In the depths of time before ODI 12c, ODI Studio had a fairly simple canvas to design our interfaces. We dropped on our datastores (tables) and then dragged columns between tables to create joins, and columns to the canvas to make filters. If we needed to use expressions we just typed them on the target table and selected where to execute the expression, be it source, stage or target.

In a data warehouse world we frequently need to lookup values, typically this would be by joining to a dimension table on the business key and picking up the surrogate key from the dimension. Sometimes, we would need to outer join to cover the case of missing keys (hopefully only on dimension loads), downstream we would convert the resulting NULL to another value using some form of expression. Of course, the more adventurous of us would write custom IKMs to handle dimension loads and fact load key lookup chains, the later is not too hard if we create a metadata table to identify all the keys to supply.

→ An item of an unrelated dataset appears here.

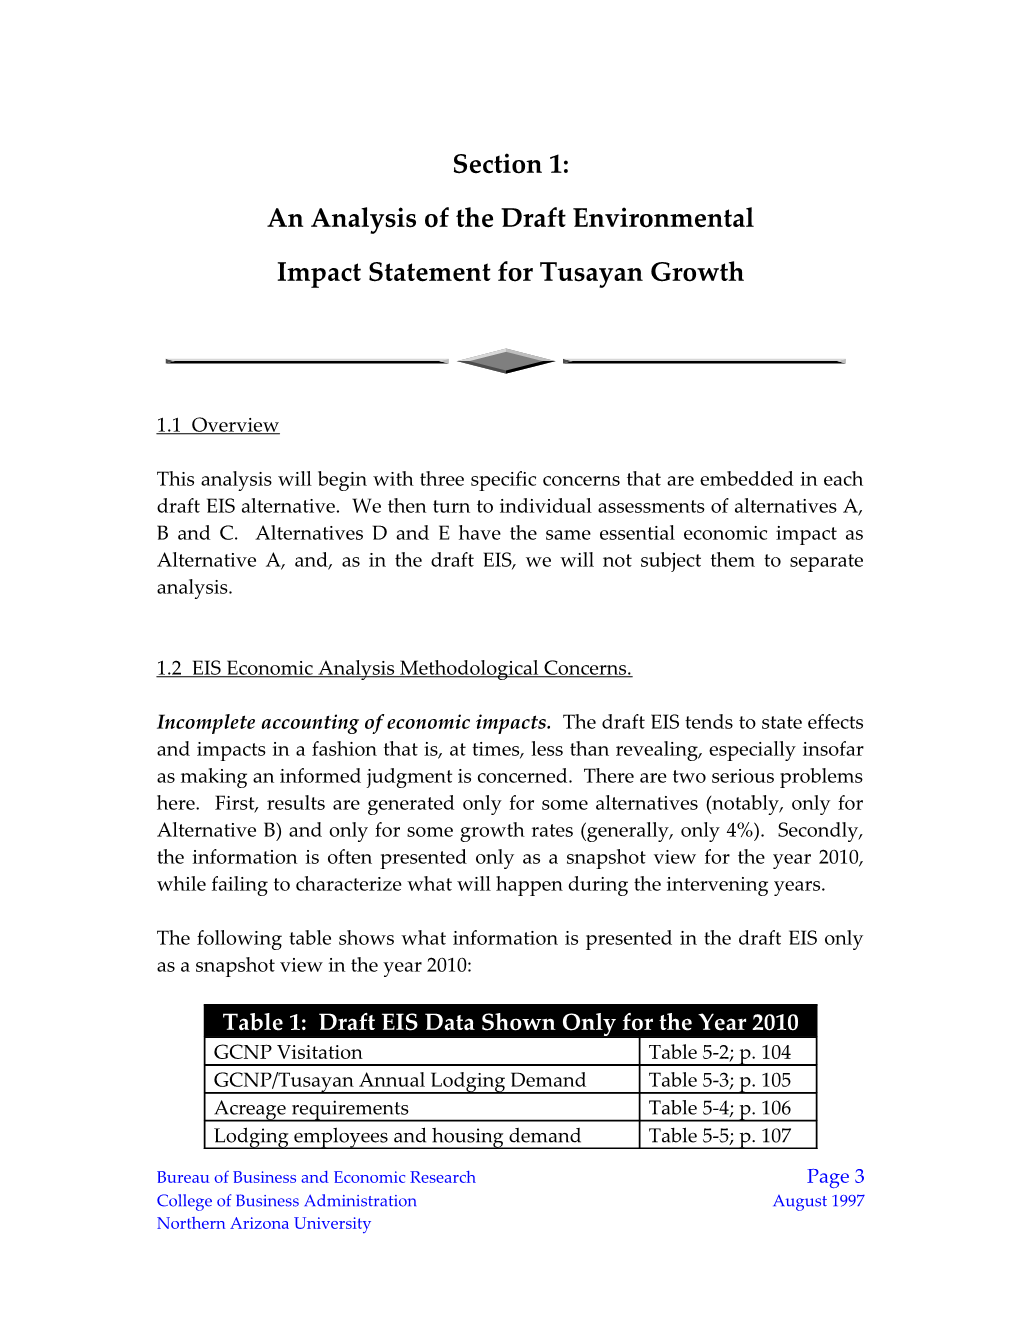 Analysis of the Draft Environmental

ODI 12c changes things. We now have a palette of components that we can drop on to our logical design canvas. On the palette we have the join operator and, now, a look-up operator. So what’s the difference between the two and why should we use one or the other.

Firstly, there is nothing wrong with using the pre-ODI 12c design technique of joining to a table supplying our lookup data using the key value… it works, and working is always the fundamental requirement to meet.

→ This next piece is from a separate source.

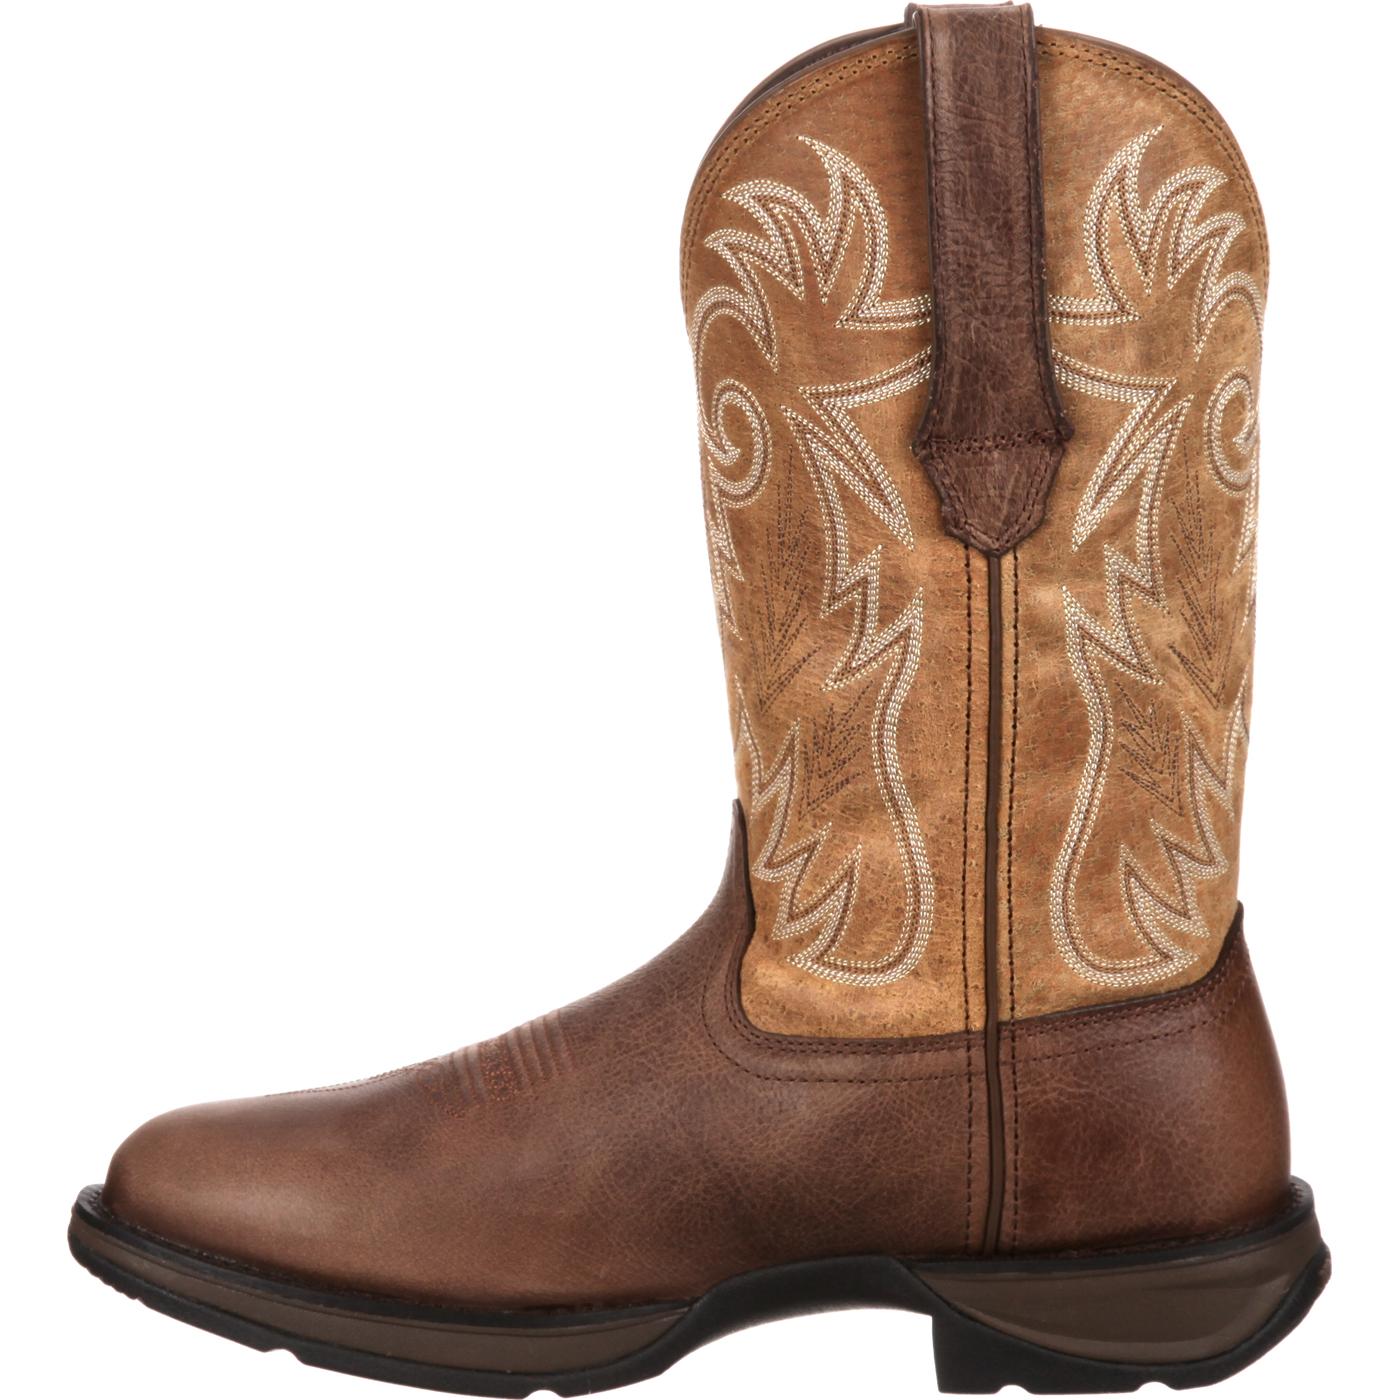 Rebel by Durango Steel Toe Western Boot, #DWDB018

The lookup component gives us some additional functionality compared to a join. Firstly we can supply a default value for a key that does not exist in our look-up table. Using a join we might have to do an outer join followed by an expression operator providing a CASE statement to replace the NULL from the unmatched key. This however is not the only thing we can do with lookup component as we shall see.

Let’s take a look in the Oracle ODI 12.2 VM. In the ODI LCM Trunk repository there is a mapping that uses a lookup, and in this case we are not finding a key, but instead enhancing a feed to give age ranges.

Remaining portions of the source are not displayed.